§ ENTRIES SHOWN
++++++

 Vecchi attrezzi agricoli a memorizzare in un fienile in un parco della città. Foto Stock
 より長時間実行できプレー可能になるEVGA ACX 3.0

++++++

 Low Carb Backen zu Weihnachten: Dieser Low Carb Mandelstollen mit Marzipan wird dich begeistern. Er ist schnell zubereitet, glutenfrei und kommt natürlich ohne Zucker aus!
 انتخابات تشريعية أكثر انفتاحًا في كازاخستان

++++++

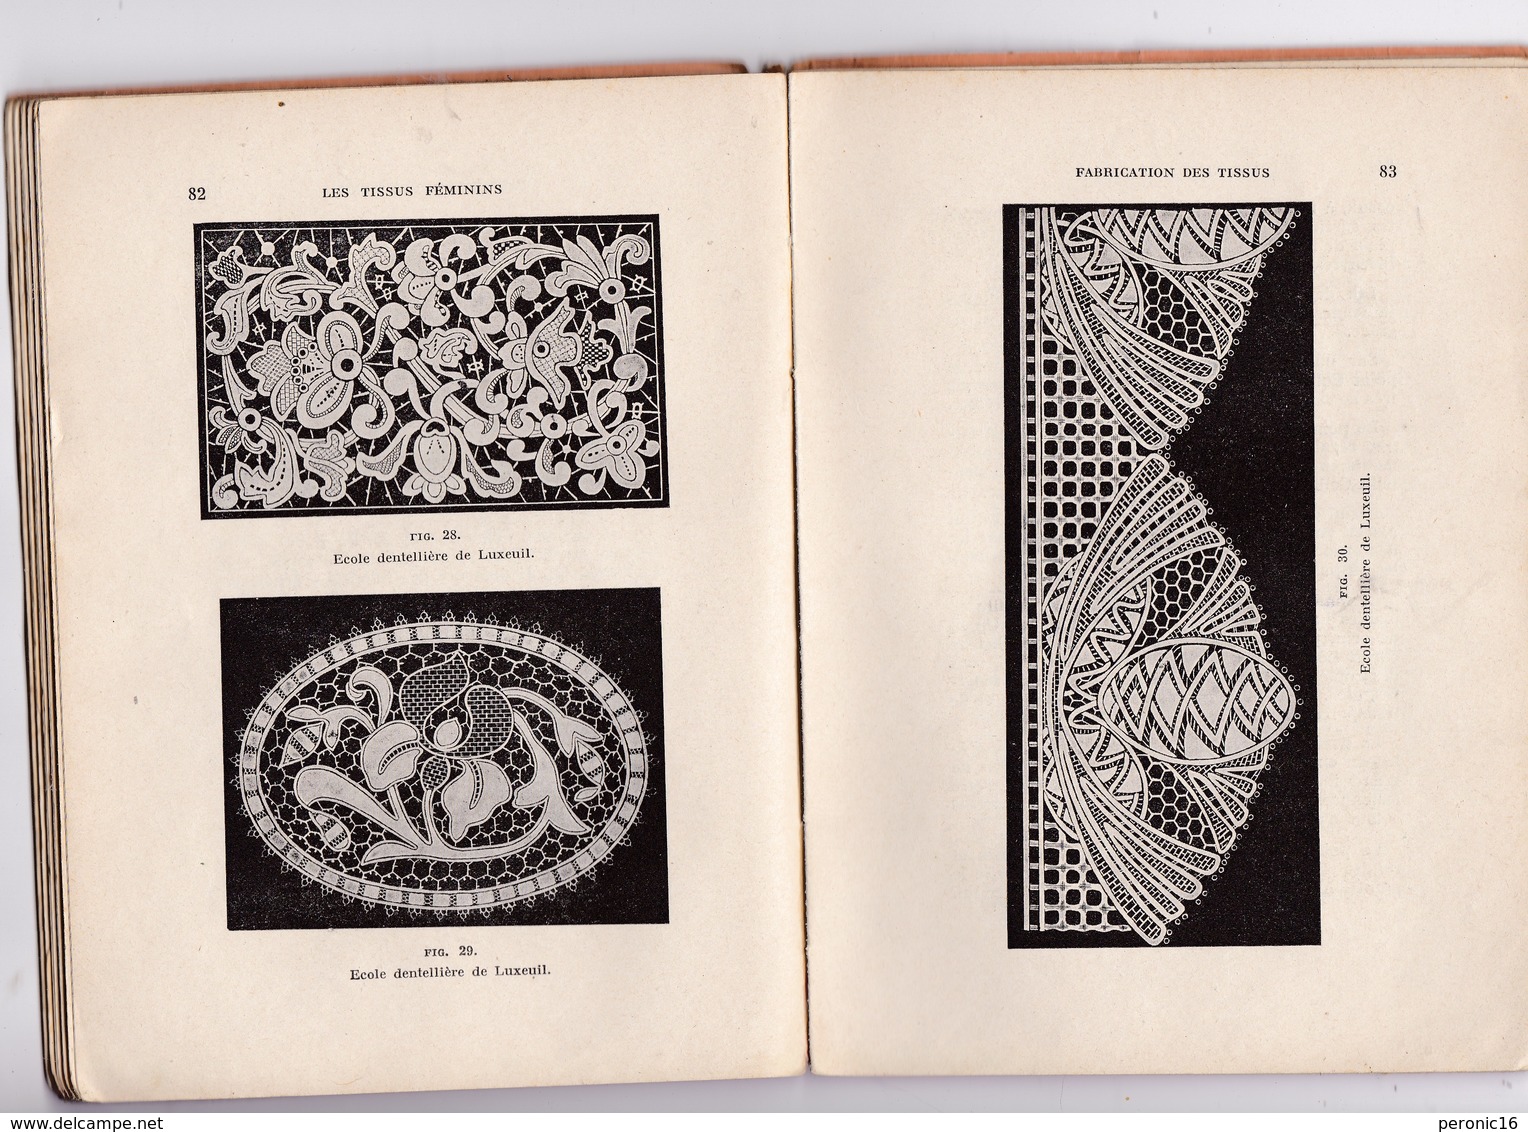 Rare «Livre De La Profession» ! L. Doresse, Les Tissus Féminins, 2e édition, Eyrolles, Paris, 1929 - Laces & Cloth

++++++

§ TASK REQUIREMENTS
Beginning at the line above with "Vecchi attrezzi agricoli" and finishing at the line with "より長時間実行できプレー可能になるEVGA ACX 3.0", return each line exactly and return nothing else.

§ YOUR RESPONSE
 Vecchi attrezzi agricoli a memorizzare in un fienile in un parco della città. Foto Stock
 より長時間実行できプレー可能になるEVGA ACX 3.0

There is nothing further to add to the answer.